She failed, again and again. Frustration gripped her, mixed with a nervous excitement. She was at the threshold of a new world, a world of perceptions and manipulations far subtler than simply moving objects. Sensing weakness in rock to predict a collapse. Perceiving a creature’s intention before it attacked. Influencing heat, electricity, perhaps even the currents of vital energy... as she had done intuitively to heal Inès.

Each attempt drained her a little more. Sweat beaded on her forehead, and her hands trembled. Maggie watched her from the corner of her eye, her gaze impassive but heavy with unspoken concern. She saw the price of these exercises.

They resumed their march, slower, more heavily than ever. The tunnel sloped gently downward, the air growing colder, more humid. The silence was broken only by the sound of their footsteps and the ragged breath of the wounded.

Suddenly, Elisa stopped, one hand raised. Her lead spheres vibrated, emitting a sharp hum.

"Stop," she whispered.

Everyone froze. Even Zirel held his breath.

"What is it?" growled Maggie, her halberd already in position.

Elisa closed her eyes, her face tense with the effort of concentration.

"I don’t think it’s a creature..." she murmured. "But the rock. It’s... weeping."

She opened her eyes, her golden gaze filled with a new kind of terror, not facing a monster, but facing the unknown of her own power.

"There’s a immense void behind this wall. And something... something cold and sinister sleeping within it. We must turn back."

---

Zirel was the first to break the heavy silence. A dry snicker, devoid of any real amusement, rumbled in his throat.

"The rock *weeps*?" he sneered, his sharp eyes scanning the smooth, apparently solid wall. "Perhaps you pushed a bit too hard in your little exercises, Elisa. Sounds like the ravings of a feverish mind." He made to move forward, throwing a glance at Maggie. "It’s probably just another tunnel. A natural chimney. The wind makes strange noises, that’s all."

But Maggie wasn’t even looking at him. Her eyes were fixed on Elisa, on the sudden pallor of her face, on the faint tremor of her hands. She saw the sweat beading at her temples. This wasn’t madness. It was the raw exhaustion of a power pushed too far, and the terror of what it had touched.

"Shut it, Zirel," she growled, without even bothering to turn her head towards him. Her voice was low, taut as a cable. "Elisa?"

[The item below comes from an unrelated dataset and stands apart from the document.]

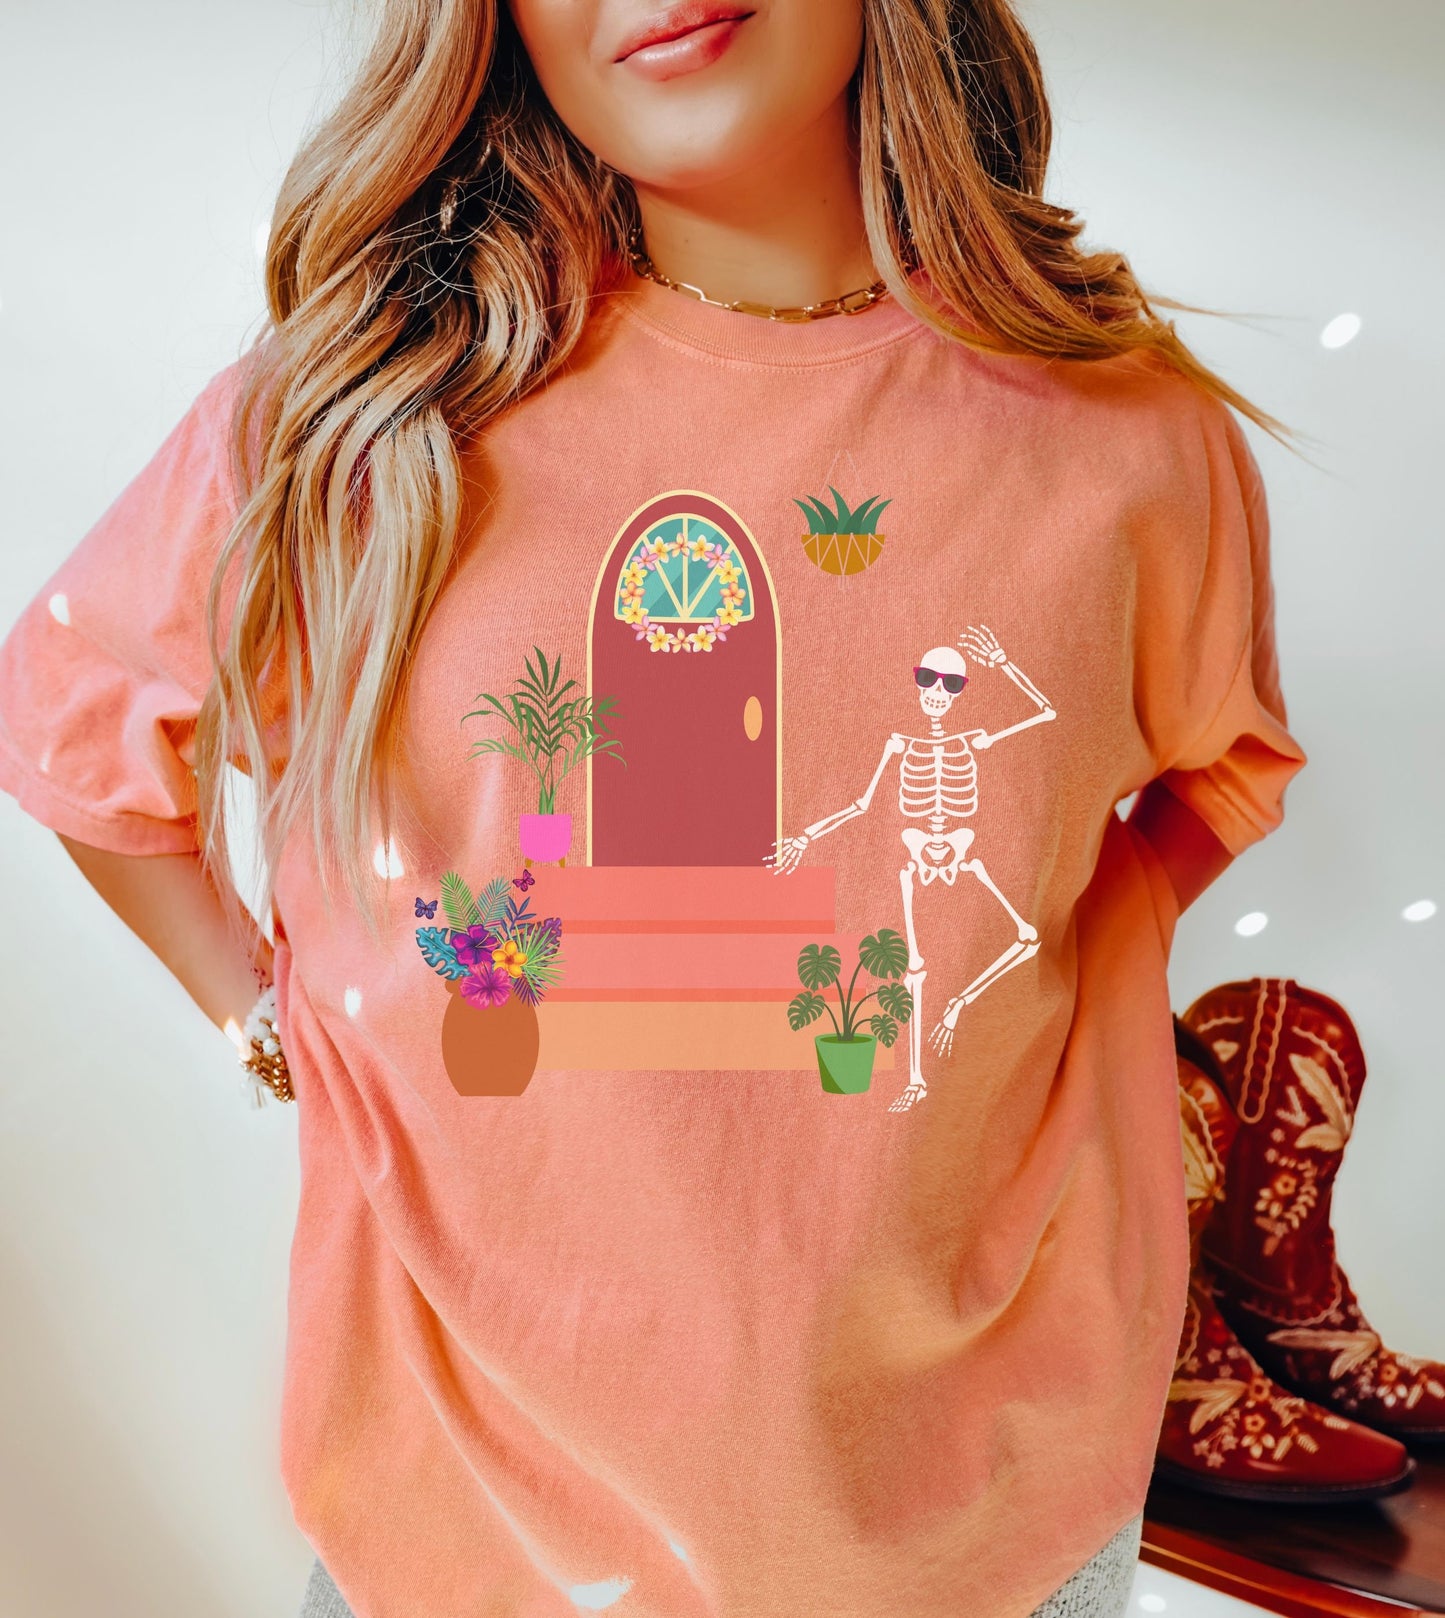 A woman wearing a cute, vintage terracotta colored shirt with a skeleton wearing red sunglasses walking out the front door of their house. The front stoop has colorful plants and flowers and the front door has a pink and yellow flower wreath hanging.

Elisa shook her head, as if to dispel an inner voice. Her spheres were now whirling at an alarming speed, emitting a high-pitched whine that grated on the nerves.

"It’s not the wind," she whispered, eyes wide, staring at the stone wall. "It’s an... echo. A memory. The stone remembers being hollowed out. And it remembers what was sealed inside. Something... passive. Asleep. But so old that its mere slumber weighs on the world." She finally turned to Maggie, her expression pleading. "If we breach this wall, if we disturb it... it won’t be like the tunnel beast. It won’t be a fight. It will be an end."

A shiver ran through the group. Even Zirel fell silent, his cynicism momentarily extinguished by the absolute conviction in the young woman’s voice. Inès wrapped her good arm around her torso, shivering. Armin muttered something unintelligible, his eyes searching the shadows with renewed paranoia.

Maggie studied the wall, then Elisa’s face. She had learned to trust her own instinct, her strength. But this... this was different. This was the realm of the invisible, the intangible. Elisa’s realm.

"Alright," she said finally, in the space of a heartbeat. The word seemed to cost her. Turning back went against all her instincts. "We turn back. We find another way."

The tension in Elisa’s shoulders eased imperceptibly, but the fear didn’t leave her eyes.

The journey back was slow torture. Each step took them further from the potential exit and deeper into the unknown labyrinth. Morale, already at its lowest, sank further. They walked for what felt like an eternity, until they found a fork they had neglected before, a narrow, low passage that sloped upward slightly.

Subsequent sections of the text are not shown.